Facebook's Mark Zuckerberg lays out his vision

Mark ZuckerbergImage source, Getty Images

When I first read Mark Zuckerberg's 5,500-word letter to the Facebook community, I was struck by two things.

How far it ranged - over subjects as diverse as globalisation, the people who feel left behind, our spiritual and communitarian well-being - as well as the rather more obvious social media issues of fake news, polarisation and sensationalism.

And secondly, that this letter could be described very fairly as a manifesto, external.

It is not just a statement of where Facebook as a business is going. It is also a statement of the type of world Facebook believes it can help create.

As such, it is political (although carefully crafted to contain no direct reference to the new US president).

And when I interviewed Mr Zuckerberg, the same sense of political purpose was clear.
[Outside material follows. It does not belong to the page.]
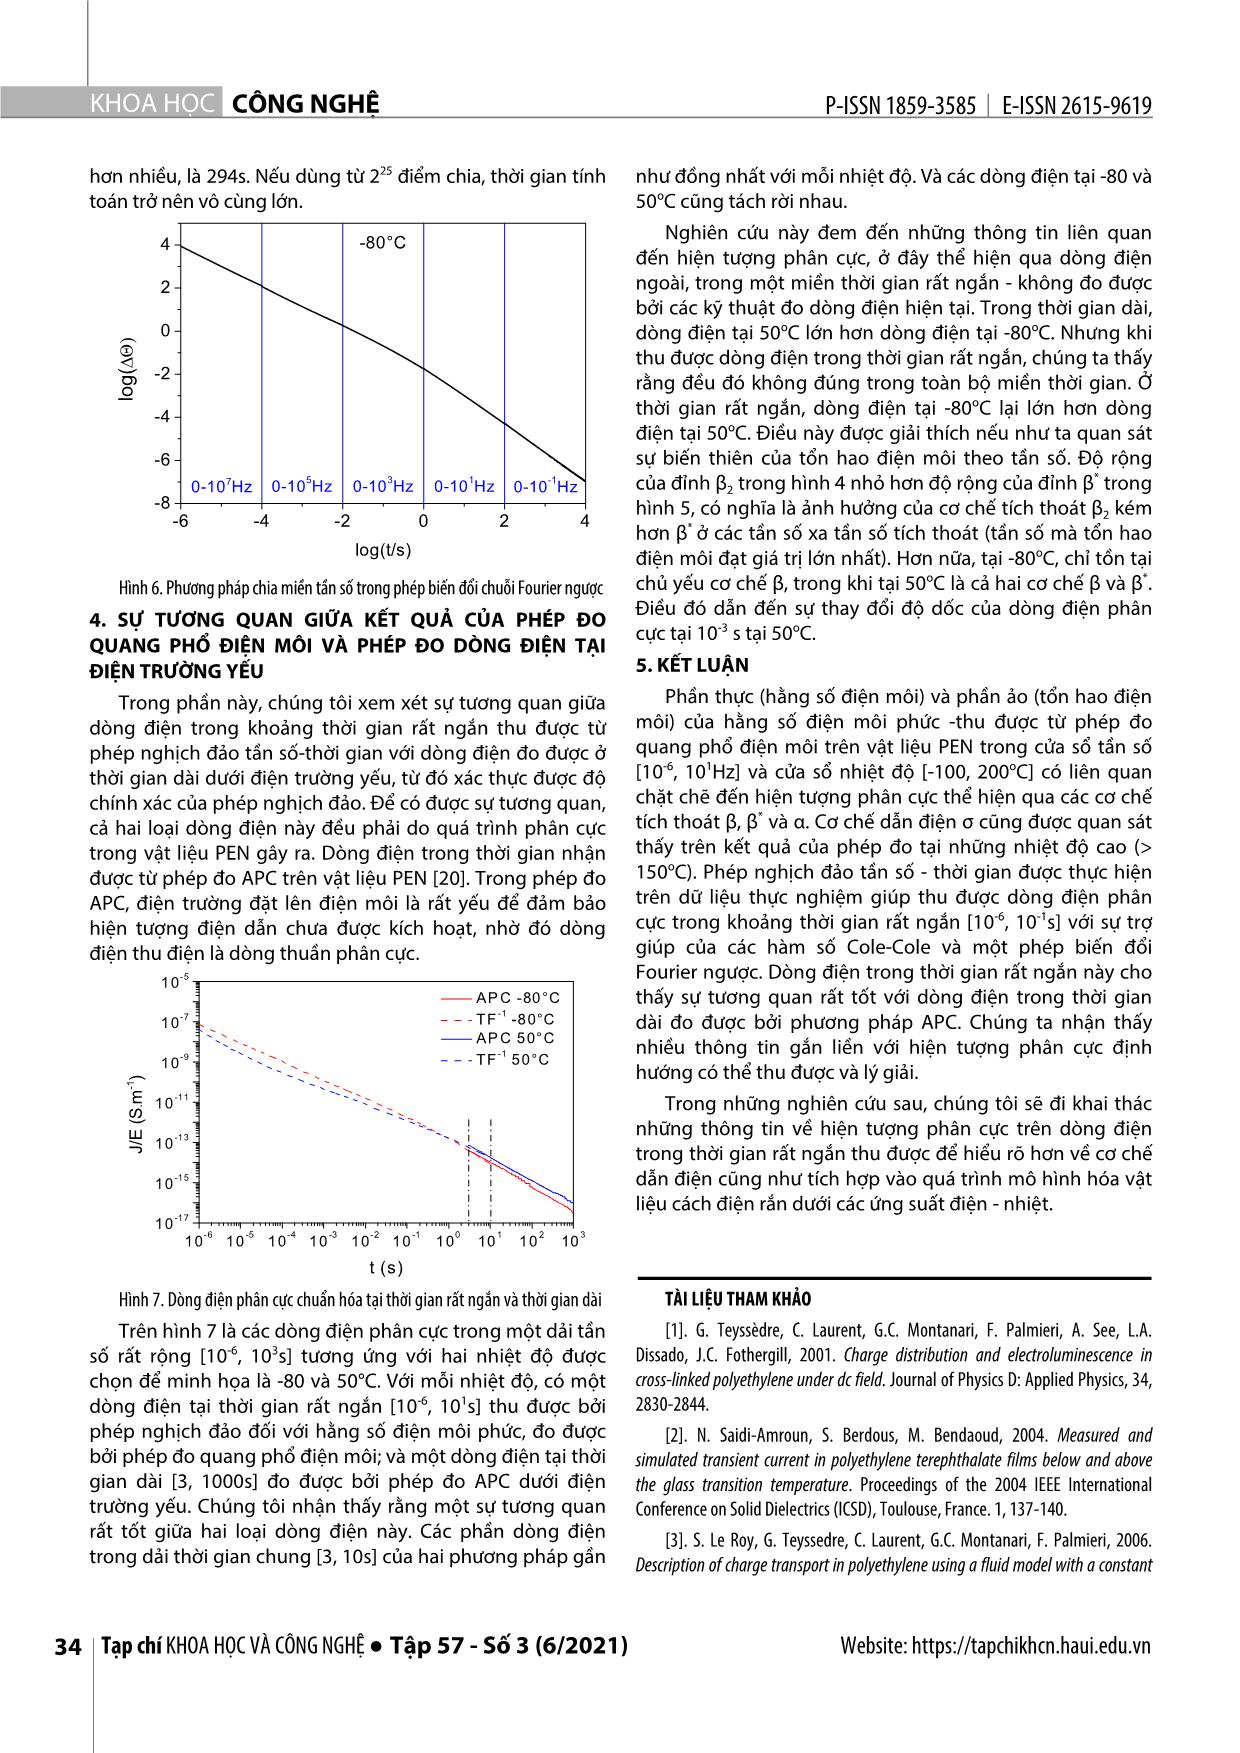 Phương pháp nghịch đảo để thu được dòng điện phân cực trong thời gian rất ngắn từ phép đo quang phổ điện môi trên vật liệu PEN trang 6

And the same care not to reference Donald Trump.

Fake news

Of course, many will find talk of "connectedness", "community" and "bringing people together" very easy to dismiss.
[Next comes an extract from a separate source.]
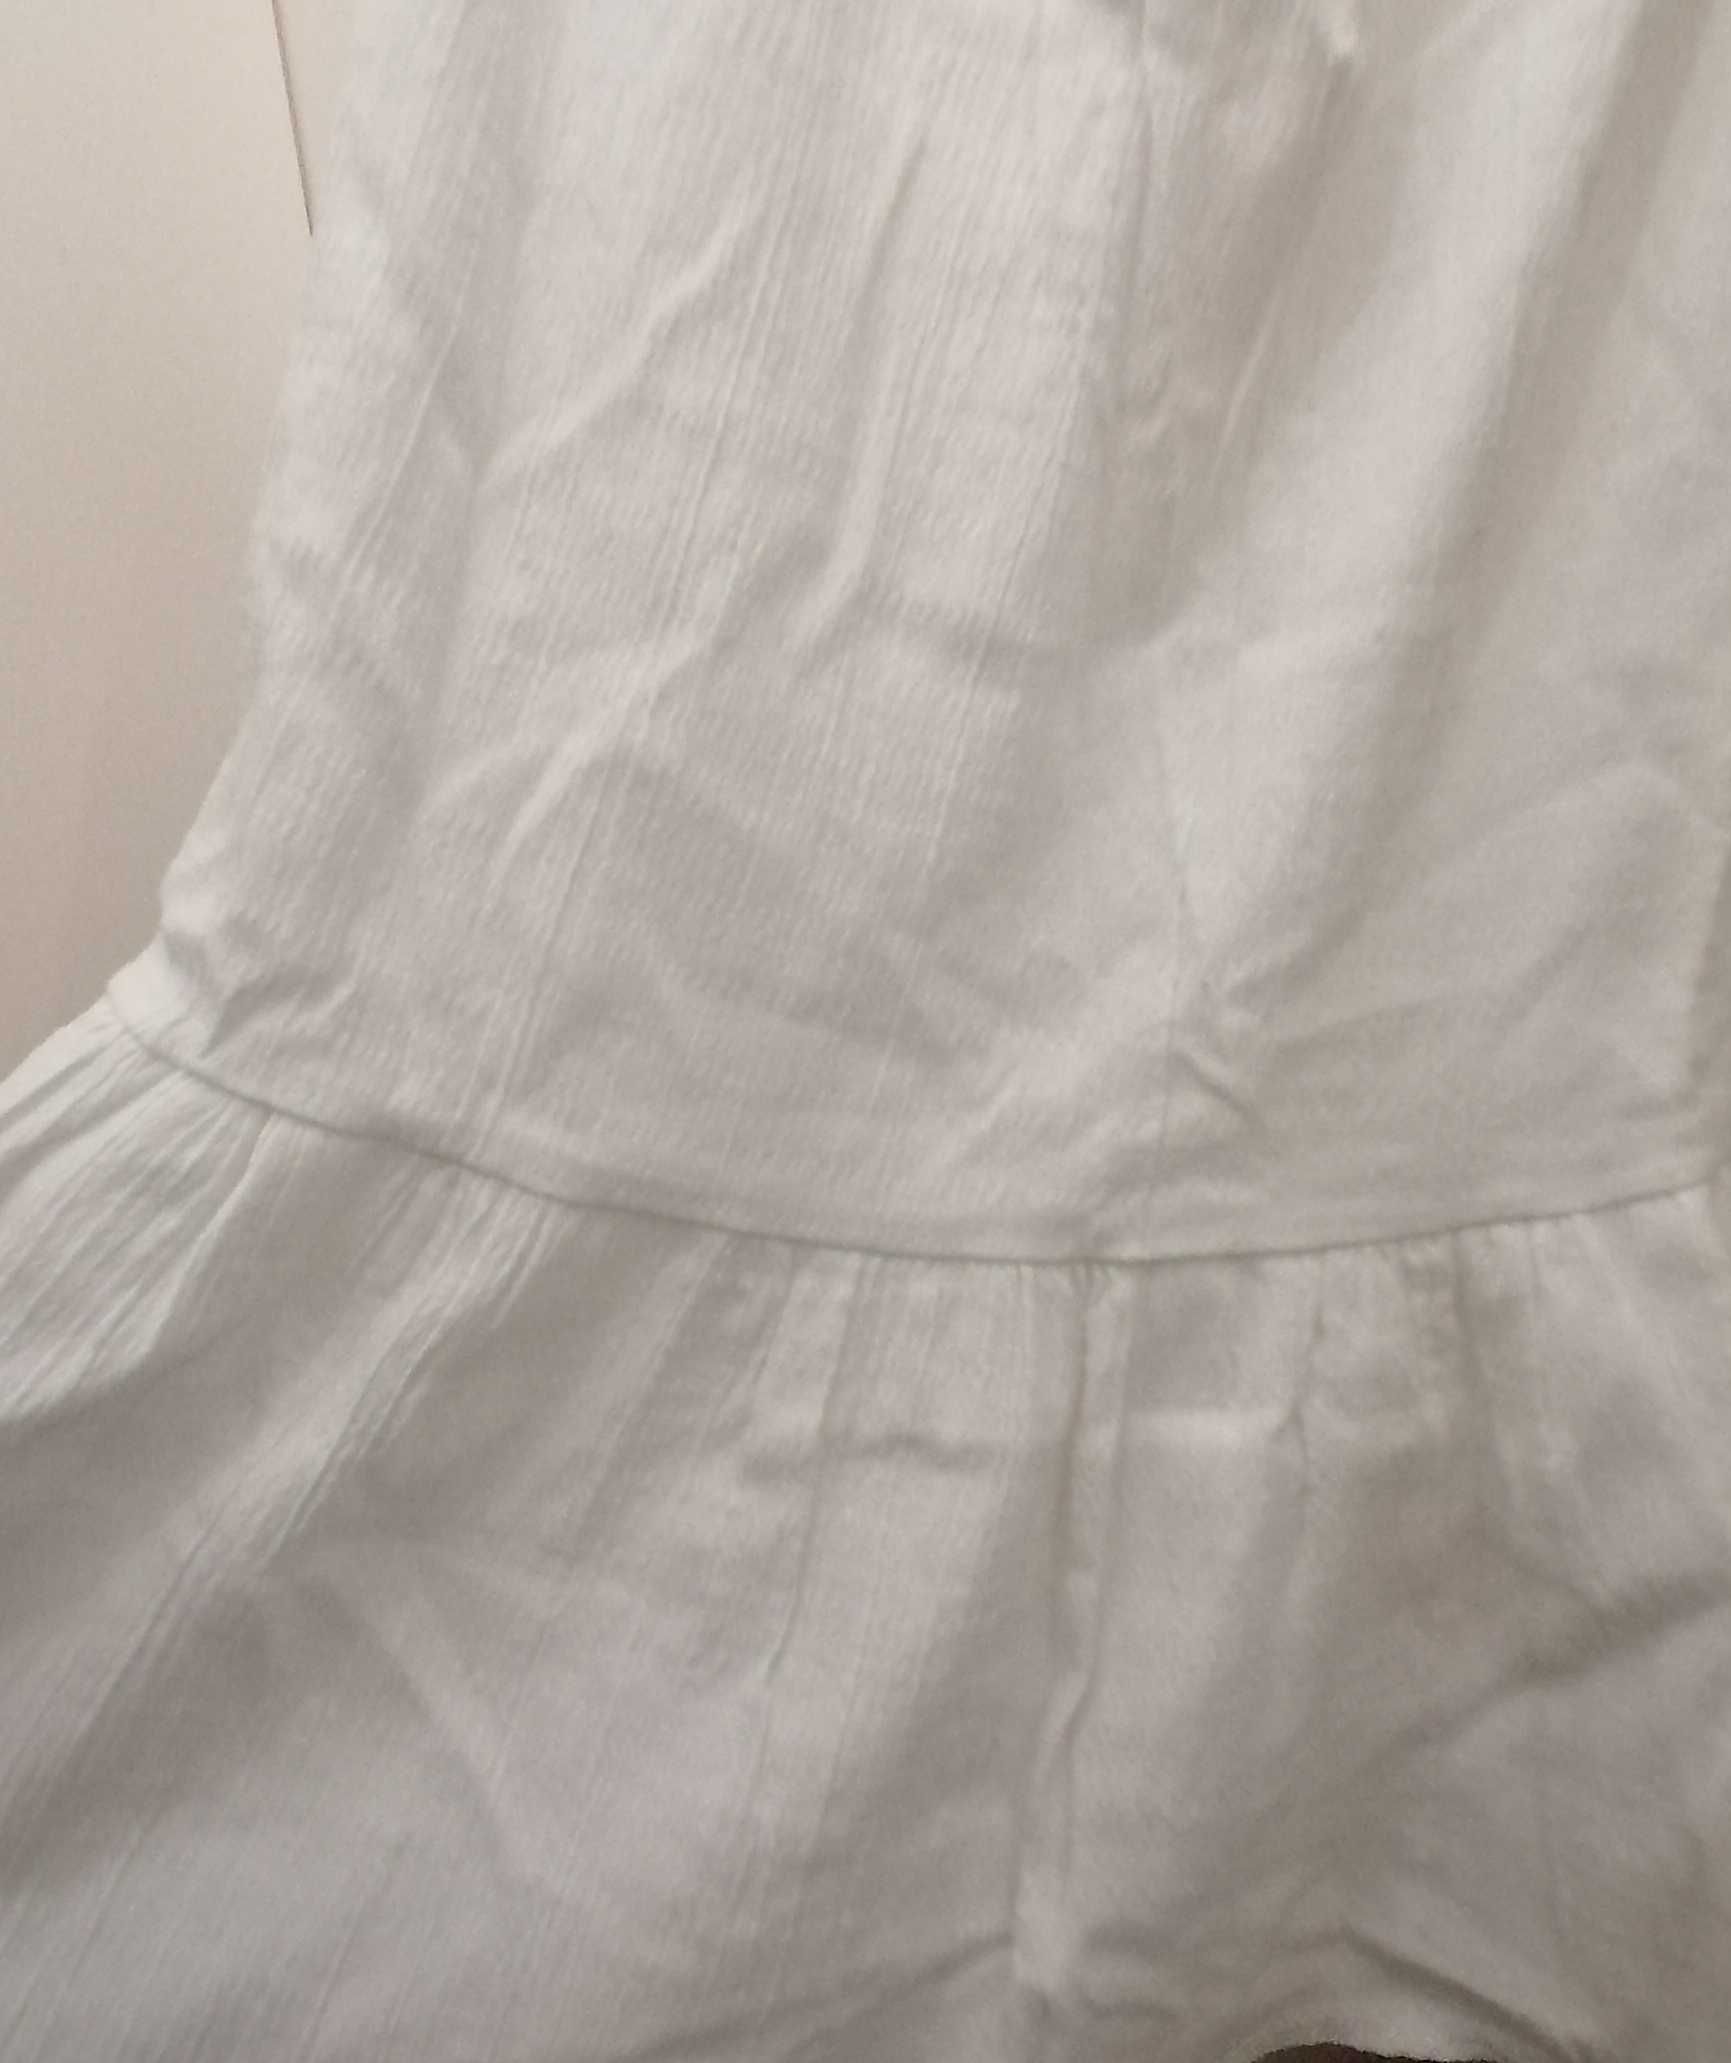 Długa spódnica z gęstej bawełny z falbaną XS/S

Here is a very rich man running a very powerful - and often controversial - company, who, one assumes, might find it hard to relate to the ordinary concerns of the ex-steel workers of Monessen, Pennsylvania, or the former pottery workers of Stoke in the west Midlands.

But in an era of technology giants like Facebook which have so much "reach" - 28.5m users in Britain alone - the rebuttal is simple.

Image source, AFP

Better that Mark Zuckerberg is public about his vision for his company - agree or disagree with that as you like - than the alternative of corporate silence.
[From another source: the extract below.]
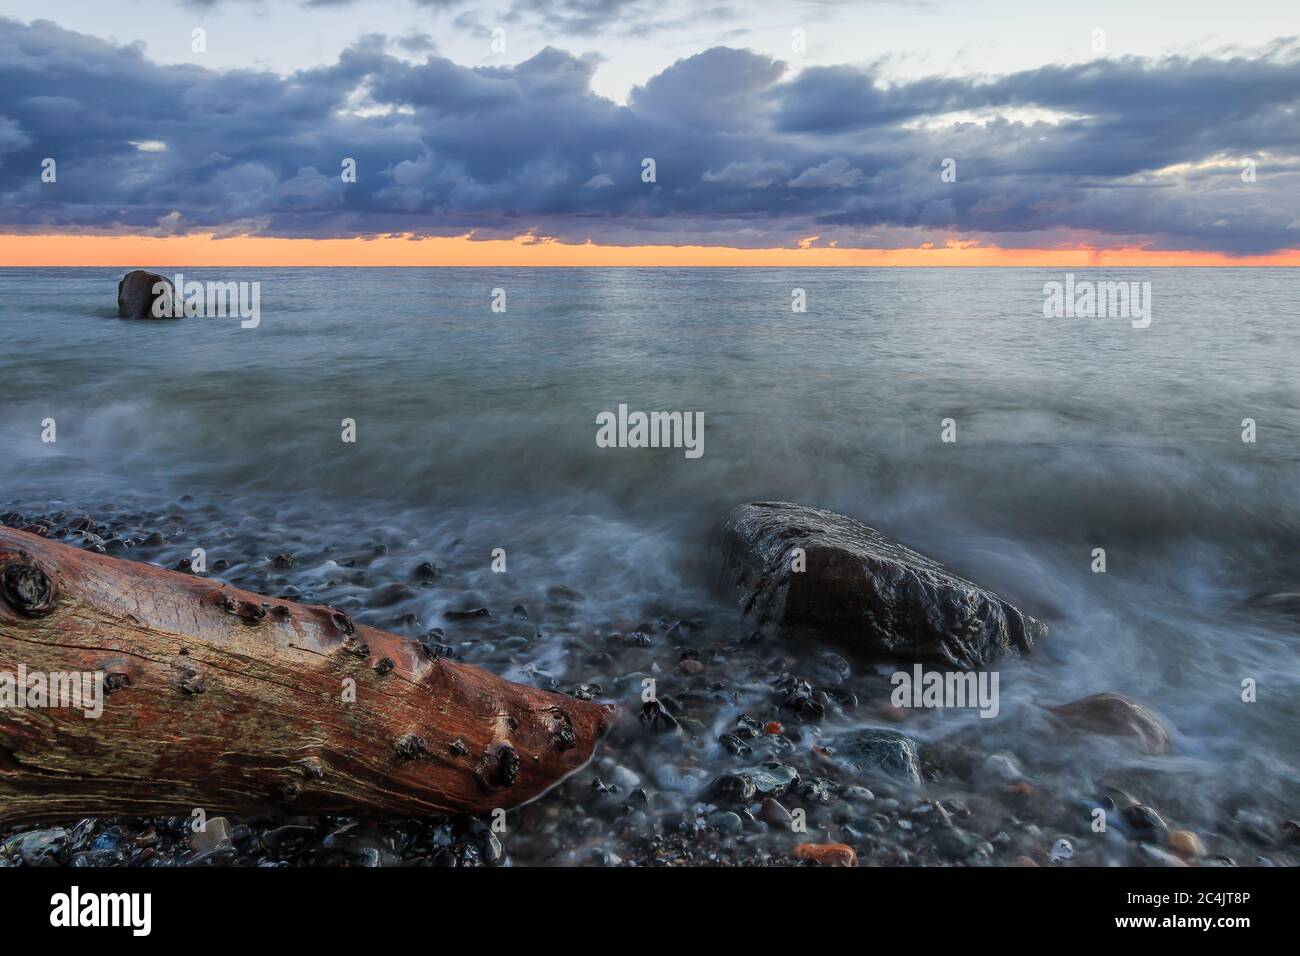 Küstenlinie am Morgen an der Ostsee. Dramatische Wolken bei Sonnenaufgang. Steinige Küste auf der Insel Rügen mit altem Baumstamm und großen Steinen Stockfoto

In my interview with him, I did push on taxes paid (or not) and privacy violations. Mr Zuckerberg answered that he wanted Facebook to be a "good corporate citizen".

And on fake news it is clear that Facebook, and other technology giants, have been ill-prepared for the type of editorial controls necessary in an era when millions of people receive their news via their chosen "filter bubble" with little mediation.

Facebook, Google and others have a central philosophy - act quickly to launch new products and then "iterate" if there is a problem.

That has led to mistakes, which Mr Zuckerberg does admit to.

Political ambition?

This is a century when the most powerful are not simply the elected leaders or dictators of the world, but are the corporate leaders who can do so much to influence - and control - what billions of people experience every day.

Speaking publicly about how they view that role is, for many, better than the alternative.

We can then at least test his company, this global behemoth, against the standards Mr Zuckerberg has set himself.

Does the Facebook founder want to be a politician? Particularly given that he sounds so much like one - and I mean that in the broadest sense, not pejoratively.

Not yet, certainly. And maybe not ever.

As the head of a company with 1.86 billion active users a month, he is probably well aware that he has plenty of power already.